## Aim of the exercise
As the answer, set down the lines below from the one containing "TianHengYi Girls Water" through the one containing "Простые динамические линии", exactly and inclusively, and no others.

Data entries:
________

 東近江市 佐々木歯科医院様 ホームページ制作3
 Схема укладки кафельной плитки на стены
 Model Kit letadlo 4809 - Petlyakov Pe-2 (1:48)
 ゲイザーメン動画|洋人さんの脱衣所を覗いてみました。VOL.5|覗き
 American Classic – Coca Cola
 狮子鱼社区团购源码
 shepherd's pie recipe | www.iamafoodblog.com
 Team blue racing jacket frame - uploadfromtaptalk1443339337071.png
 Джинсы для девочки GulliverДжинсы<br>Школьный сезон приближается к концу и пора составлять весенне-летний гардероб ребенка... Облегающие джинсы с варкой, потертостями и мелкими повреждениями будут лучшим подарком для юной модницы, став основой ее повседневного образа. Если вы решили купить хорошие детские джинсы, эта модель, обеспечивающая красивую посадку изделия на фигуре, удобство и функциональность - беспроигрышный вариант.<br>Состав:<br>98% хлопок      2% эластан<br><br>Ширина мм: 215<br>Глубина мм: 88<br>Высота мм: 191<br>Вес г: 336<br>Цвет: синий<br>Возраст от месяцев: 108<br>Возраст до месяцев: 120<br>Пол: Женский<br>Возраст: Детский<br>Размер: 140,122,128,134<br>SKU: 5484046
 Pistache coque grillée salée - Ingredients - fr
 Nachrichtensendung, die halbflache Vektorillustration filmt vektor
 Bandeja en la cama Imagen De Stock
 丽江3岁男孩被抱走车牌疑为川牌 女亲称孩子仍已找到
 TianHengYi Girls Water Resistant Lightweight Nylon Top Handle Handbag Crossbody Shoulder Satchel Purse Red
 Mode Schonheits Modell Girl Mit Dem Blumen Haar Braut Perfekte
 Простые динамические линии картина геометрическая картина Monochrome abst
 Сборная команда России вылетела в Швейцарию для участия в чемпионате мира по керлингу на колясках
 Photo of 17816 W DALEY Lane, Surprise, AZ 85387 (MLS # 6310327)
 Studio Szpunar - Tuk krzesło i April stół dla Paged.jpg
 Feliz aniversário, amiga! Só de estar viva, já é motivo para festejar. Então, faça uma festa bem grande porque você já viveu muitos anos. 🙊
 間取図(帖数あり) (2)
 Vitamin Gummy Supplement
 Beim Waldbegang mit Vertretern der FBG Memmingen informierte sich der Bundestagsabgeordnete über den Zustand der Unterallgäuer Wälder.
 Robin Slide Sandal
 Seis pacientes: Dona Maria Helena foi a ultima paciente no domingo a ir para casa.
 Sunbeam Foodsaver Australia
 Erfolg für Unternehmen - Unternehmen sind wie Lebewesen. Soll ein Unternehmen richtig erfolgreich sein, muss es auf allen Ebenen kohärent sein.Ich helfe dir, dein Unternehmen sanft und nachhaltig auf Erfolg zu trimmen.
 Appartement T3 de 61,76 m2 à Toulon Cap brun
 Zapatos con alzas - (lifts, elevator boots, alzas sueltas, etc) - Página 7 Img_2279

________

## Solved problem
 TianHengYi Girls Water Resistant Lightweight Nylon Top Handle Handbag Crossbody Shoulder Satchel Purse Red
 Mode Schonheits Modell Girl Mit Dem Blumen Haar Braut Perfekte
 Простые динамические линии картина геометрическая картина Monochrome abst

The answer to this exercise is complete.